Showing 6 changed files with 70 additions and 43 deletions.
diff --git a/README.md b/README.md
@@ -2,6 +2,7 @@
 Parson is a lighweight [json](http://json.org) parser and reader written in C.  
 
 ##Features
+* Full JSON support
 * Lightweight (only 2 files)
 * Simple API
 * Addressing json values with dot notation (similiar to C structs or objects in most OO languages, e.g. "objectA.objectB.value")

diff --git a/parson.c b/parson.c
@@ -1,6 +1,6 @@
 /*
  Parson ( http://kgabis.github.com/parson/ )
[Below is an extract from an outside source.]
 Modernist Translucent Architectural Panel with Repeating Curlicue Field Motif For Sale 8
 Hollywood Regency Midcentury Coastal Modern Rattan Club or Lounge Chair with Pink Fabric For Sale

- Copyright (c) 2013 Krzysztof Gabis
+ Copyright (c) 2012 - 2014 Krzysztof Gabis
 
  Permission is hereby granted, free of charge, to any person obtaining a copy
  of this software and associated documentation files (the "Software"), to deal
@@ -102,6 +102,7 @@ static JSON_Value * json_value_init_null(void);
 
 /* Parser */
 static void         skip_quotes(const char **string);
+static int          parse_utf_16(char **processed, char **unprocessed);
 static const char * get_processed_string(const char **string);
 static JSON_Value * parse_object_value(const char **string, size_t nesting);
 static JSON_Value * parse_array_value(const char **string, size_t nesting);
@@ -380,63 +381,86 @@ static void skip_quotes(const char **string) {
     skip_char(string);
 }
 
+static int parse_utf_16(char **processed, char **unprocessed) {
+    unsigned int cp, lead, trail;
+    char *processed_ptr = *processed;
+    char *unprocessed_ptr = *unprocessed;
+    unprocessed_ptr++; /* skips u */
+    if (!is_utf((const unsigned char*)unprocessed_ptr) || sscanf(unprocessed_ptr, "%4x", &cp) == EOF)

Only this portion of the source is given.